World is now on Opti ID! Learn more

Magnus Rahl
Nov 8, 2017
  1976
(0 votes)

Two bugs in ASPNET that break Cache memory management

TL;DR: A bug in ASPNET memory monitoring prevents the cache monitoring / scavenging tread from running if the memory usage in the host at the time of application startup happens to be in a specific range in relation to the configured cache thresholds. Another bug causes the same behavior if no cache threshold is explicitly configured (falling back to default). This can further cause problems in Azure Web Apps because it triggers the Proactive Auto Heal feature, repeatedly recycling the application for no reason. The workaround is to set the privateBytesPollTime option to less than 30 seconds and also provide a value for percentagePhysicalMemoryUsedLimit (90 % or less to not conflict with Proactive Auto Heal).

Intro and previous investigations

In my previous blog post I started to investigate a problem with the ASPNET HTTP runtime cache and Azure Proactive Auto Heal and the buggy behavior of the configured memory usage threshold. I found an apparent correlation between certain settings for percentagePhysicalMemoryUsedLimit and the application failing to keep the cache memory usage under control, causing Proactive Auto Heal to recycle the application. But I also acknowledged that the behavior was intermittent, and I now know why.

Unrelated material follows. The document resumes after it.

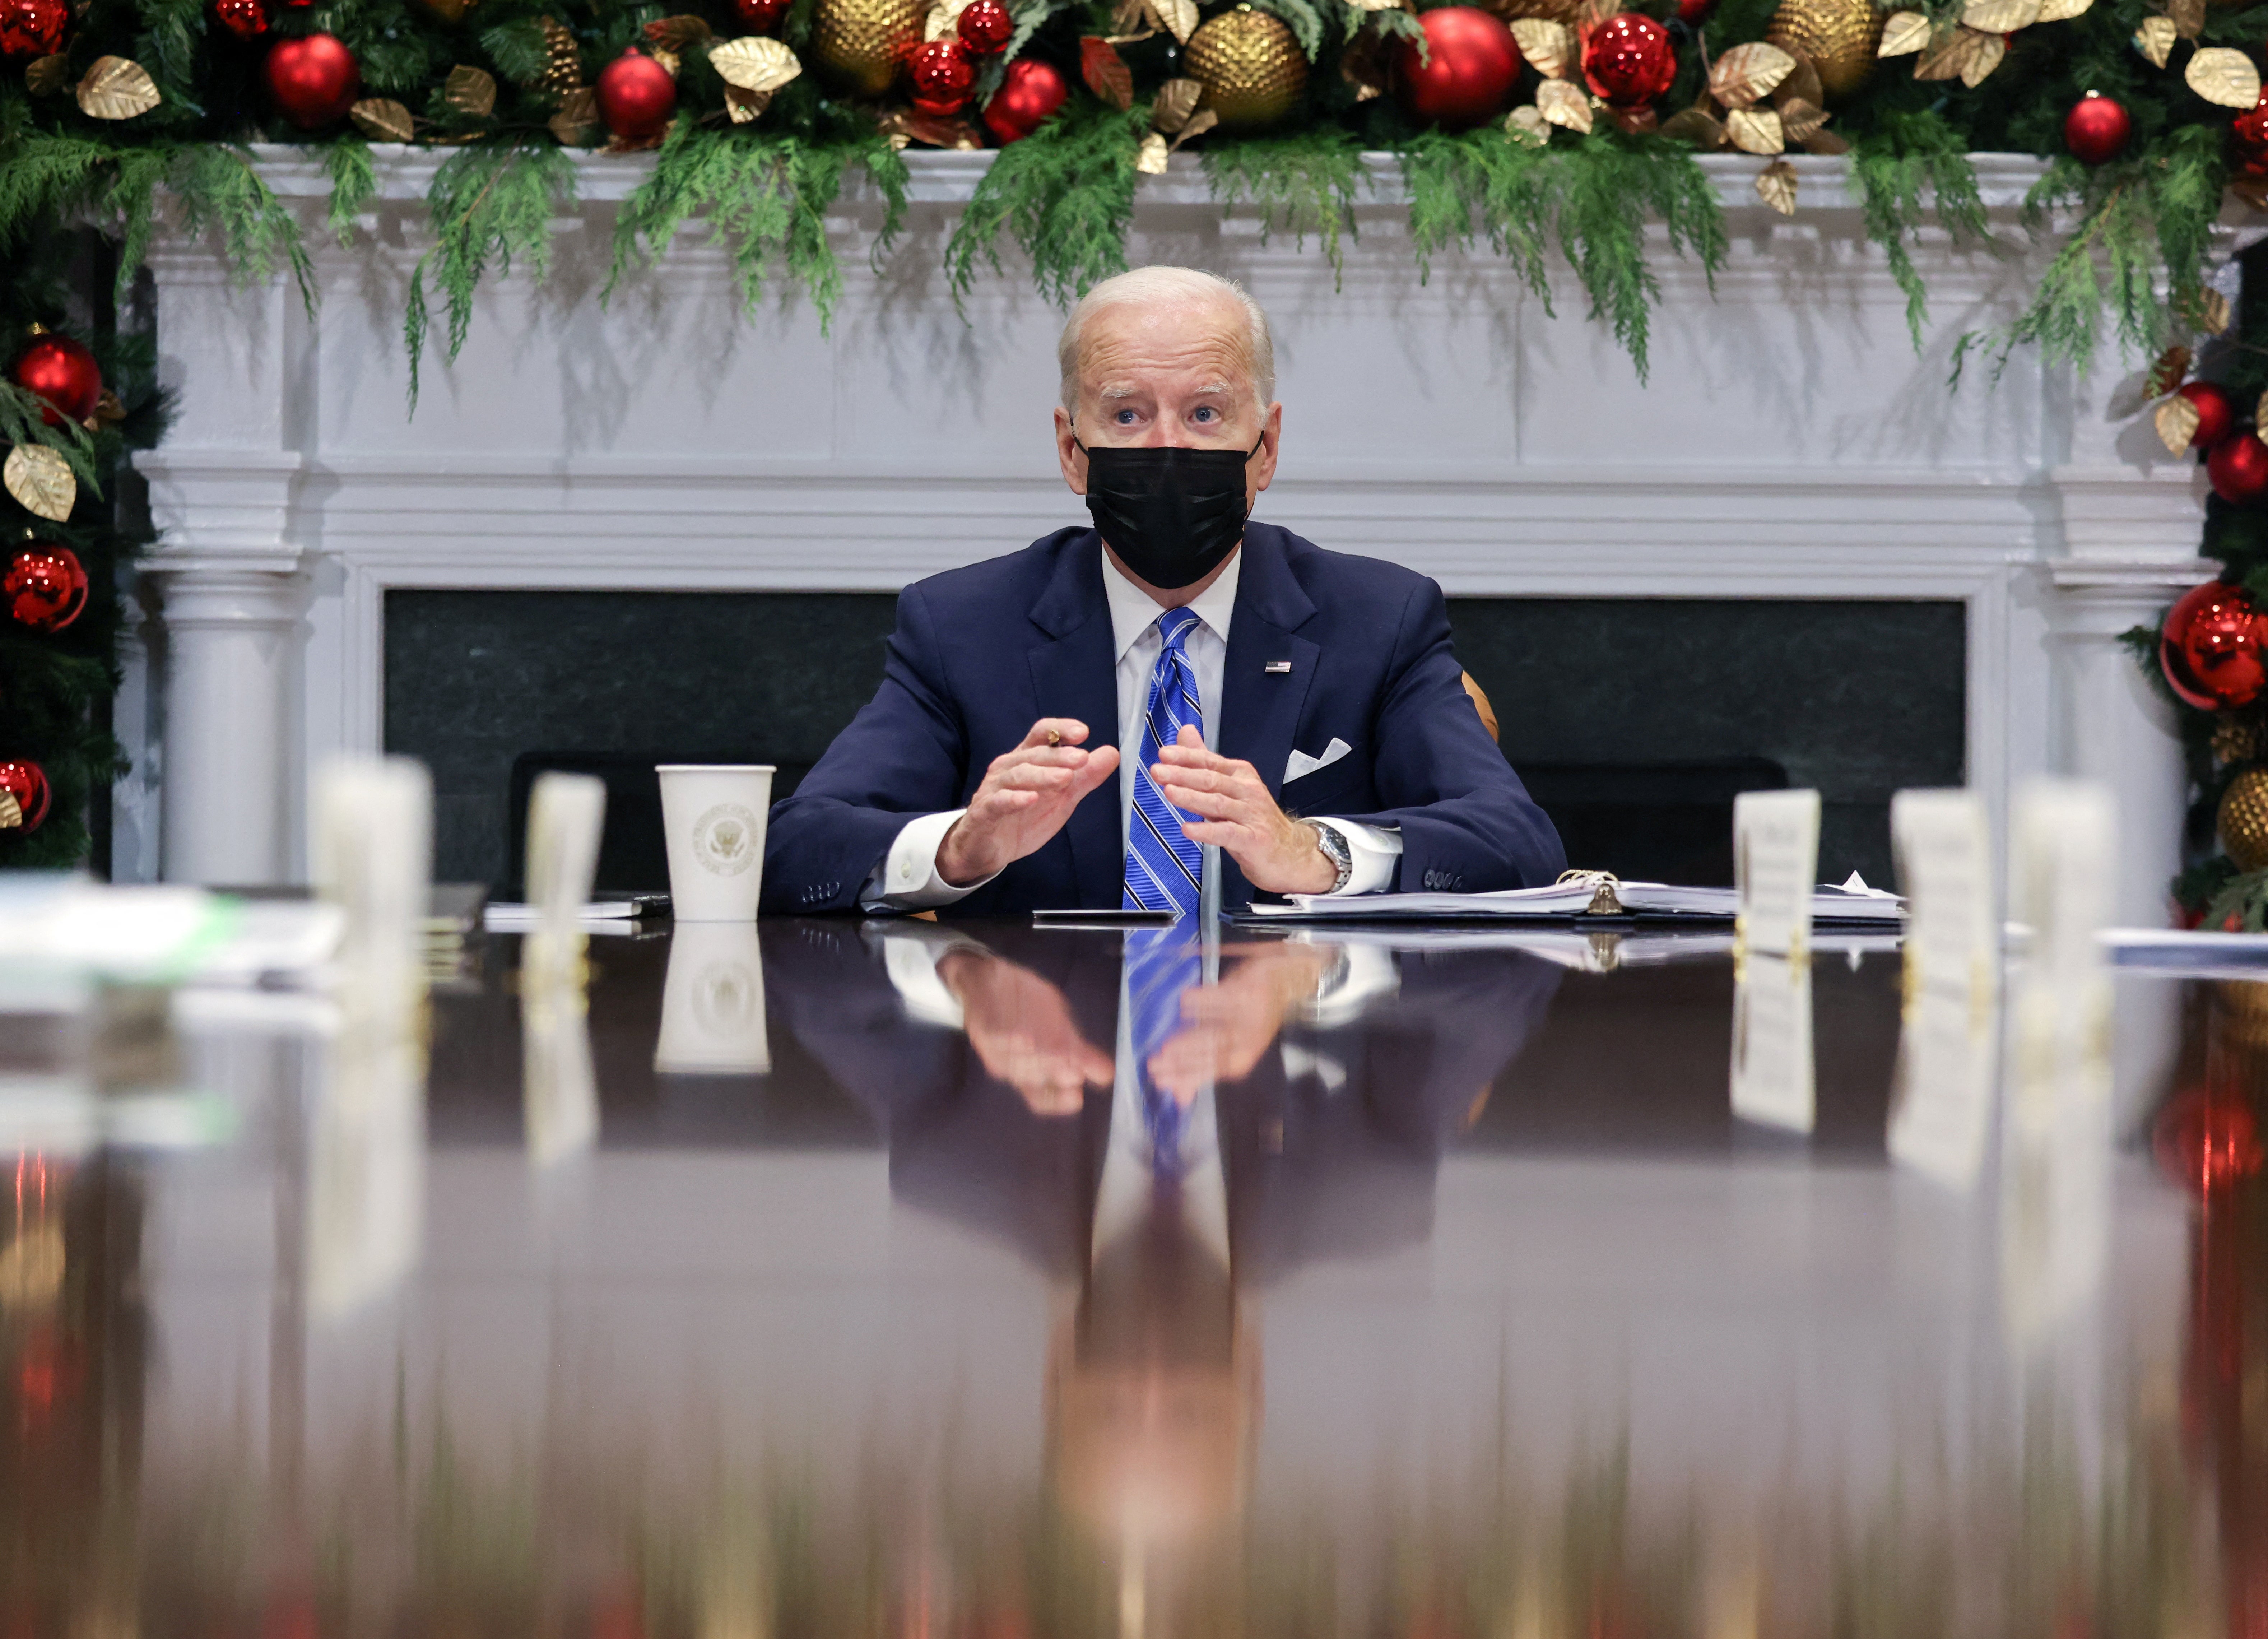 El presidente de EE.UU., Joe Biden, advirtió que el invierno podría provocar graves enfermedades y la muerte a los no vacunados, tras reunirse con los miembros del Equipo de respuesta al covid-19 de la Casa Blanca

A quick overview of ASPNET memory management internals

ASPNET (this refers to .net Framework 4.7.1) uses the AspNetMemoryMonitor class to monitor the application's memory usage. Internally it uses the LowPhysicalMemoryMonitor class to periodically compare the current memory pressure to the configured (or default) thresholds, and trigger cache scavenging/trimming if needed. Or, at least it is supposed to do this...

Bug 1: Periodic checks fail to start under certain conditions

For the periodic memory checks, LowPhysicalMemoryMonitor uses a System.Threading.Timer instance that is initialized like this in its constructor:

this._timer = new Timer(new TimerCallback(this.MonitorThread), (object) null, -1, this._currentPollInterval);

Note the third argument, -1, which means that the timer is initialized with a due date (next time it will trigger the callback) "infinitely" far off in the future. So essentially the timer is disabled from the start.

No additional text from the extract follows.